Тут же явились серебряные подносы с кофеем, сливками, печеньями, кренделями, конфектами, большими пирожными. Странным показалось, что подают сливки в пост. Но москвички слыхивали, что новая столица не больно-то богомольна.
Варенька расправила юбки и села на изящную банкетку. В Москве она на таких не сиживала – и ей стало неловко за всю себя, такую «дикую», нездешнюю, не соответствующую столичной роскоши.
На другую банкетку села Марья Семеновна – с большим достоинством, очень прямо держа спину. Татьяна Андреевна встала у окошка, поглядывая разом и на старую княжну, и на улицу – там было на что посмотреть, проезжали прекрасные экипажи, а главное – статные всадники в треуголках и епанчах, те самые гвардейцы, которые в Москве доподлинно были девичьей погибелью.

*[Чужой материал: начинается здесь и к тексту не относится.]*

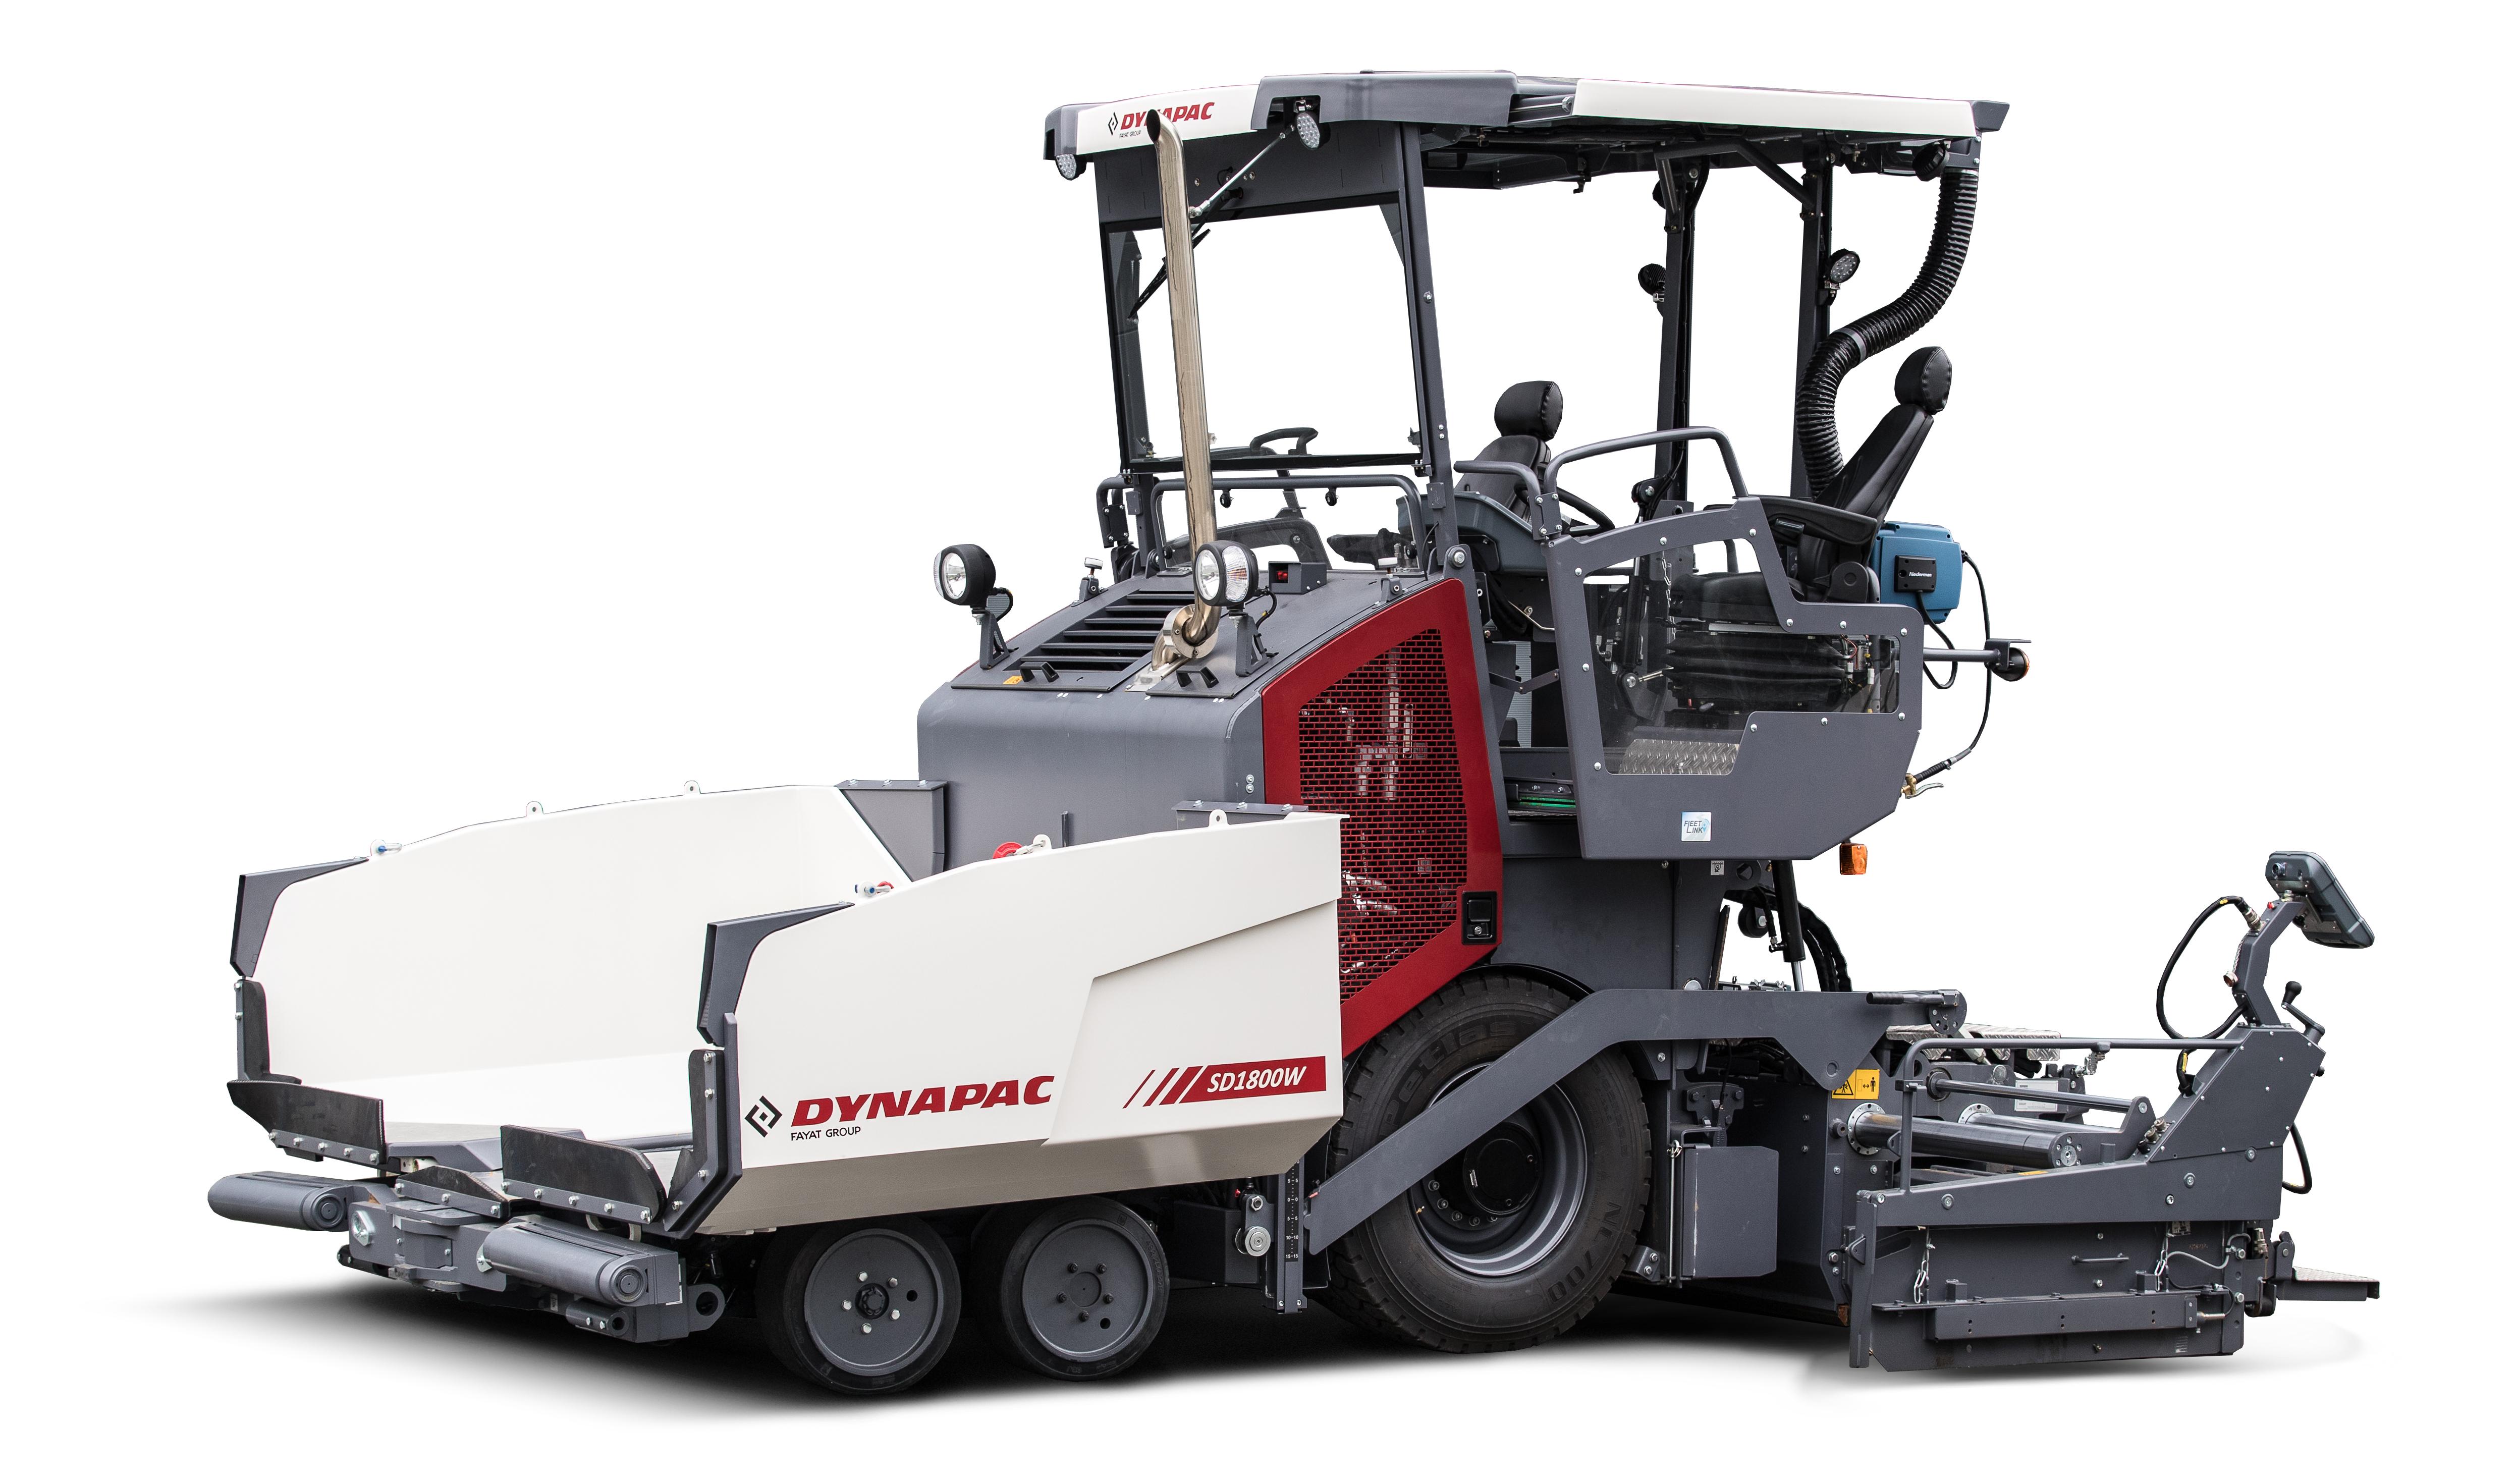 Dynapac Dynapac SD1800W

Годы и лицо Татьяны Андреевны были таковы, что она могла еще рассчитывать на скромную партию в лице отставного армейского капитана. Потому и не хотела упускать такую Богом дарованную возможность, как поездка в Санкт-Петербург.
Некоторое время они смотрели на дорогую посуду, на дымящийся серебряный кофейник, на молодого красивого лакея, согнувшегося над столиком в галантном поклоне и ждущего приказа наполнить чашечки.
– Что ты там вытаращилась, садись, мать моя, – недовольно сказала старая княжна Татьяне Андреевне. Ей хотелось как-то показать свою власть, а командовать чужим вышколенным лакеем она не решалась. Компаньонка покорно присела к тому же столику.
– Господи, до чего же тут тихо, – удивленно сказала она. – Не по себе делается.
– И верно, – согласилась Варенька.
Марья Семеновна недовольно на них посмотрела. Ей тоже недоставало человеческих голосов и подобострастного общества. За годы московской жизни она привыкла к тому, что ее постоянно окружают ближние женщины – прислуга, разумеется, родственницы, приживалки, и к ним постоянно добавлялись новые богомолки, чьи-то племянницы, вдовы неизвестного происхождения, совсем маленькие девочки – чьи-то внучки или воспитанницы, и все это бабье царство набивалось разом в ее спальню, и замолкало при первом звуке ее голоса, готовое со всяким словом согласиться и всякому желанию услужить.
В Петербурге же было все заведено на иной лад, она это вспомнила и нахмурилась. Но выбирать ей не приходилось.